II. Общественный быт литовцев по древнейшим известиям

We use cookies. Read the Privacy and Cookie Policy

II. Общественный быт литовцев по древнейшим известиям

Данные археологии о местожительстве литовцев. Известие Тацита об эстиях и их быте: вопрос о народности эстиев. Судины и галинды Птоломея. Готское влияние на Литву. Успехи литовской общественности к концу X в. по известию Вульфстана. Данные об экономическом быте, социальном делении и политическом строе Литвы XII–XIII вв. в польских, немецких и русских источниках.

Начальным вопросом в истории Литовско-Русского государства является, естественно, вопрос об образовании того политического ядра, из которого оно развилось. Таким ядром, как известно, было Великое княжество Литовское, создавшееся во второй половине XIII в. под властью Миндовга и его ближайших преемников. На создание этого государственного ядра пошло преимущественно литовское племя. Необходимо прежде всего ознакомиться с этим племенем, с его бытом и состоянием его общественности к половине XIII в. Только при этом условии станут ясными та историческая почва, на которой зародилось новое государство, причины этого зарождения, а также и его первоначальная структура и характер.

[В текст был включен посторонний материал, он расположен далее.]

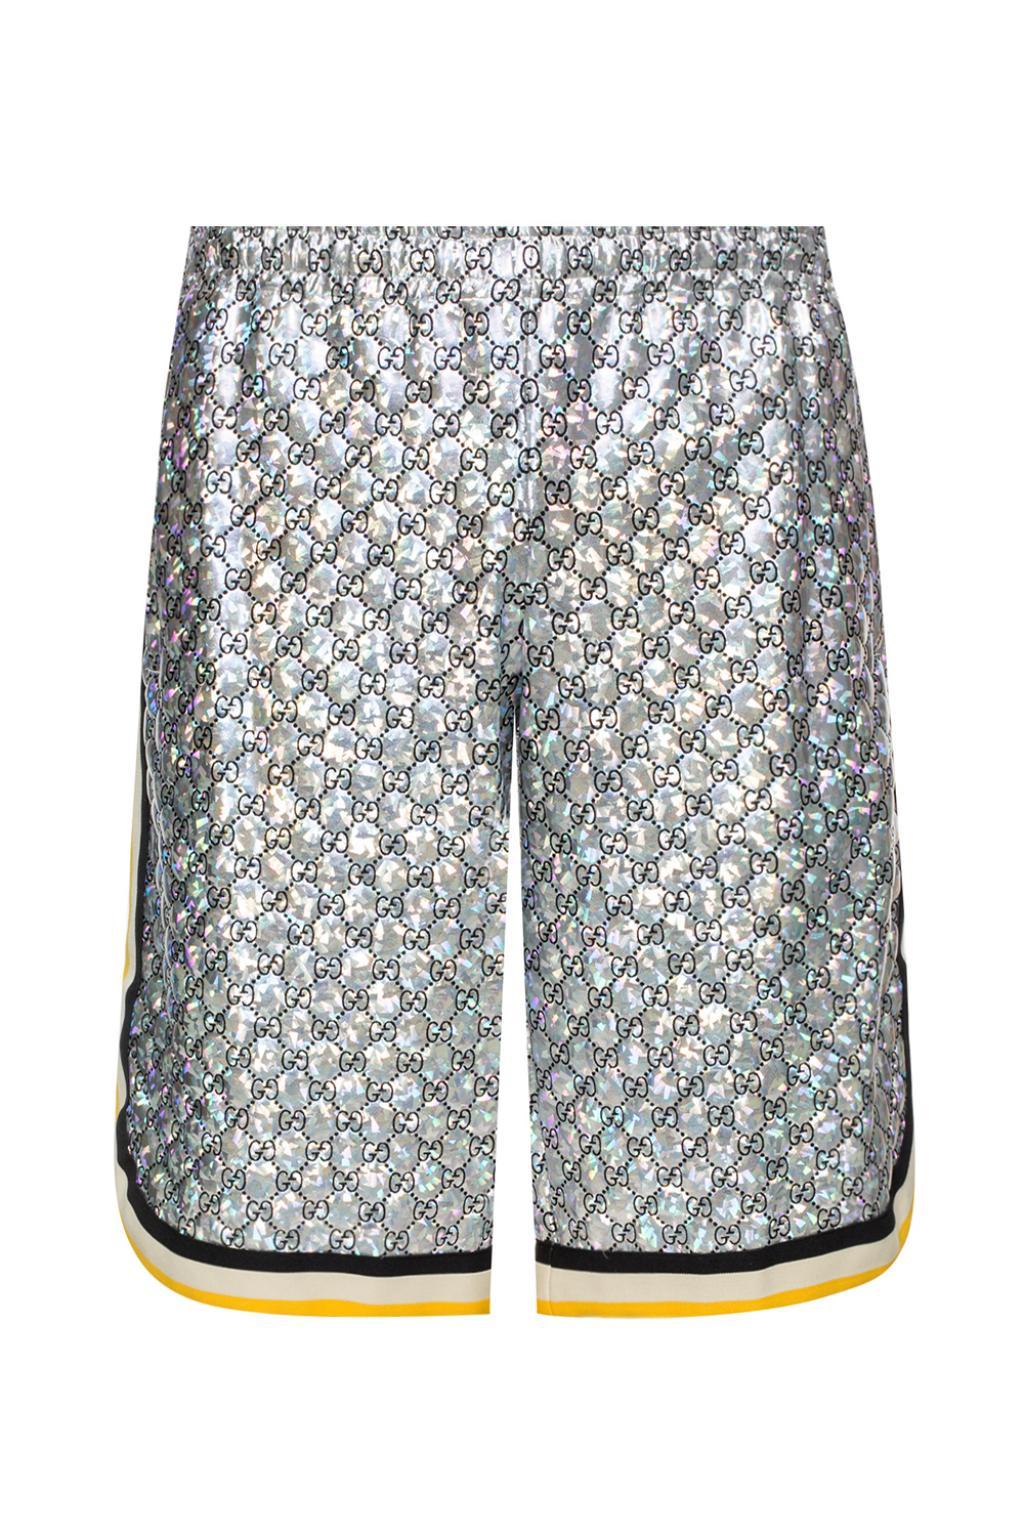 Gucci Logo Shorts in Metallic for Men - Lyst

Итак, кто же такие были литовцы и как они жили в древнейшее время? Уже в первой половине XIX в. ученые Бопп, фон Болен, А. Потт, Гильфердинг и другие по данным литовского языка установили, что литовское племя принадлежит к семье индоевропейских народов, к той же самой семье, к которой принадлежали греки, римляне, кельты, германцы и славяне. Ученые нашли вместе с тем, что язык этого племени по своему грамматическому и лексическому строю обнаруживает большую древность, чем другие европейские языки. Литовцы в большей мере консервировали данные праязыка, от которого пошли индоевропейские языки, чем другие народности Европы. Когда литовцы поселились в Европе и какие местности первоначально в ней занимали – на эти вопросы по настоящему состоянию науки нет еще возможности ответить более или менее утвердительно. С уверенностью можно только полагать, что литовцы в древнейшие времена жили не только в бассейнах Немана и нижней Западной Двины, но и далее на востоке, доходя до средней Оки. Археологи в нынешней Калужской губернии нашли курганы с трупосожжением и предметами той же культуры, которая засвидетельствована раскопками, произведенными в области исконных литовских поселений, т. е. в области Немана. На реке Протве на памяти истории жило племя голядь, напоминающее своим именем одно из прусских литовских племен – галиндов. Эти галинды вместе с судинами являются обывателями Балтийского побережья уже по известиям александрийского географа Птоломея II в. Так как судины и галинды фигурируют в позднейших известиях конца XIII в. как подразделения прусского литовского племени, то приходится признать, что древнейшее известие о пребывании литовцев в Европе относится ко II в. от Рождества Христова.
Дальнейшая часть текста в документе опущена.